Other than Sudoku, each task was preceded by a trial session of 45 seconds. Objective labels and data were logged by the PsychoPy application (e.g. task difficulty, start and end timestamps, task-specific information, and more). Subjective labels were provided by the participants as answers to NASA-, PANAS-, affective sliders-, and Likert scale questionnaires after the relaxation video and at the end of all of the tasks. Due to time reasons, in between the individual tasks the participants solely answered pair-wise NASA-TLX questionnaire16, affective sliders17, and reported their mental workload and stress level during the previous task on a Likert scale18. The pair-wise NASA questionnaire quantifies the subjective mental workload of a given task in six continuous sub-scales, each ranging from 0 to 100, which includes questions regarding mental demand, frustration, physical demand, temporal demand, performance, and effort. For these sub-scales, additional weights were received from the pair-wise comparisons of the questions. The affective sliders measure the subjective ratings of pleasure and arousal on two separate sliders. The sliders were designed with visual bipolar affective states through emoticons19 to rate the current emotion and did not need a written explanation, despite being explained before the experiment in a video-guided explanation of the whole study paradigm. The participants also rated their subjective mental workload and stress levels on two 5-point Likert scales with the options: “very very low”, “low”, “nor low nor high”, “high”, and “very very high”.

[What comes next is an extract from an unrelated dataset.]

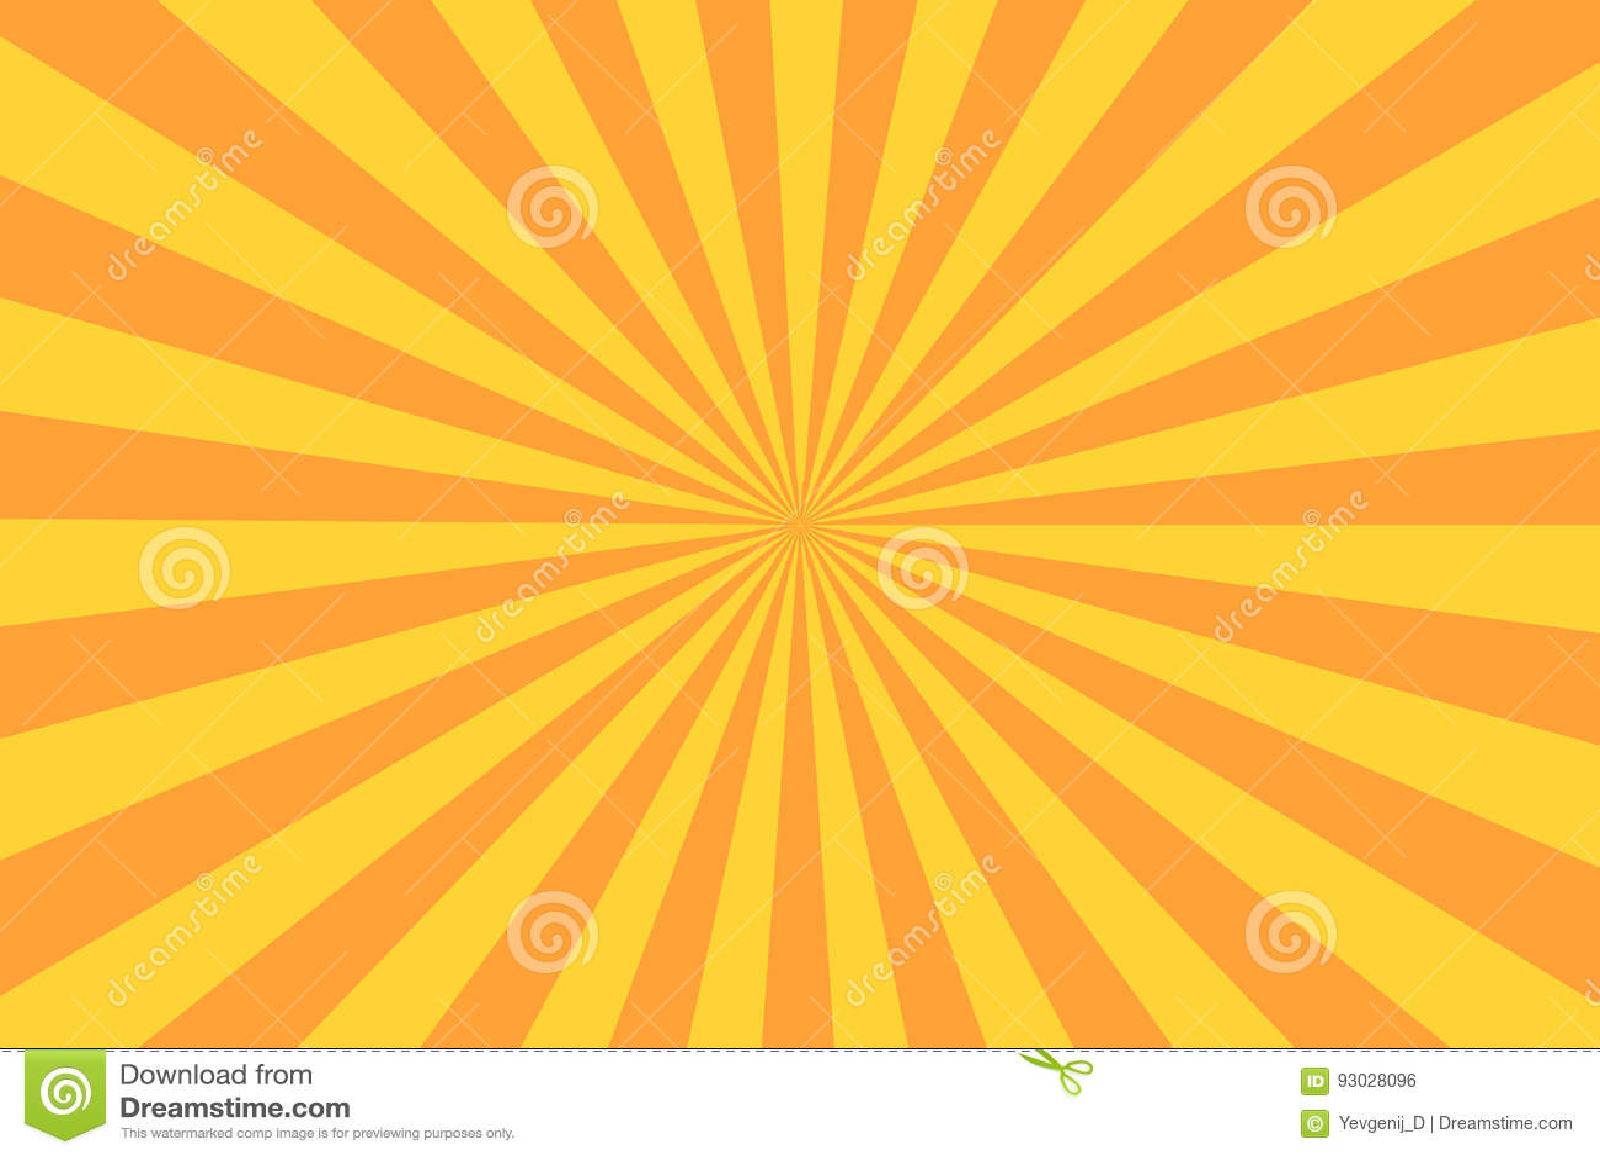 Raio retro do sunburst no estilo do vintage Fundo abstrato da banda desenhada

After the recording, information on how to use the devices in the uncontrolled environments was repeated, the participants received a printed handout illustrating proper sensor fit detailing the steps required for data acquisition, and an appointment for the second recording in the controlled environment was made.

Uncontrolled Environment

For the recordings in the uncontrolled environment, participants were free to choose where, when, and on which tasks they wanted to perform a recording. The only strict requirement was that participants had to aim for a balanced distribution between tasks they would consider low load as well as high load. A printout with steps to be followed, handed out to each participant, served as a guideline to ensure sufficient data quality of the recordings, instructing the participants to perform the synchronization shaking protocol described in ‘Data Synchronization’, to perform sensor fit checks as illustrated, to start with an eye-closing session of one minute, and to record data for a variable time of 15 to 45 minutes at a stretch. Most of the participants followed the instructions on the shaking of the devices (some, however, at a rather low intensity and velocity), on the eye-closing protocol (more than 90%), and on the distribution of low-vs-high load tasks. The most prominent tasks were reading or searching information (i.e. documentations or research papers;  ≈ 26.75%), coding (various difficulties and programming languages;  ≈ 16.74%), and processing data (e.g. performing data analysis, project planning based on data, doing mathematical calculations, etc.;  ≈ 16.74%), while the least prominent tasks were relaxation (e.g. meditation;  ≈ 0.5%), preparing a presentation ( ≈ 1.9%), and attending a meeting ( ≈ 2.8%). Other tasks performed by the participants encompassed playing a game ( ≈ 7.8%), responding to emails ( ≈ 8.6%), watching a video (e.g. learning a new skill;  ≈ 8.6%), and typing (e.g. summarizing publications or writing a new manuscript;  ≈ 9.7%).

Recording Devices

Two wearable devices capable of recording physiological signals were used in this study, the Muse S headband and the Empatica E4 watch, shown in Fig. 3. The Muse S headband is capable of measuring Electroencephalography (EEG), Accelerometer (ACC), Gyroscope (GYRO), as well as Photoplethysmography (PPG) data. EEG data was recorded with 256 Hz at the five sensor locations AF7, AF8, TP9, TP10, and FpZ, according to the 10/20 international system and depicted in detail in Fig. 3b. ACC and GYRO data were sampled at 50 Hz and PPG data could have been sampled at 64 Hz. However, for reasons of the battery life and the stability of the Bluetooth connection, the recording of PPG data from the headband was not performed. As a consequence, PPG data was recorded only in the Empatica E4 watch. The recording for the Muse S headband was started and data was collected via the third-party app Mind Monitor. The third-party app Mind Monitor provided many additional features such as power band values, amongst which the Horse Shoe Indicator (HSI) for each electrode location—which reflects three states of electrode connection quality ([0.0 means no connection], [1.0 means good connection], and [2.0 means poor connection])—could be used in future studies to correlate it with the computed signal quality indices of this work. Subsequent pre-processing steps were performed based on the raw data, while the band-power features computed by the third-party app were discarded from the subsequent analysis but made publicly available as well. The Empatica E4 is capable of measuring Temperature (TEMP), Photoplethysmography (PPG), Electrodermal Activity (EDA), and Acceleration (ACC) data using the accompanying E4 realtime app provided by the manufacturer for iOS and Android devices or the E4 streaming server for Windows. TEMP and EDA data were collected with a sampling rate of 4 Hz, PPG data at 64 Hz, and ACC data at 32 Hz.

Fig. 3
figure 3

Figure 3a shows a study director wearing the Muse S headband and the Empatica E4 watch. Figure 3b was adapted with permission from38, and shows the electrode positions of the Muse S headband dry-electrode sensors according to the international 10-20 system.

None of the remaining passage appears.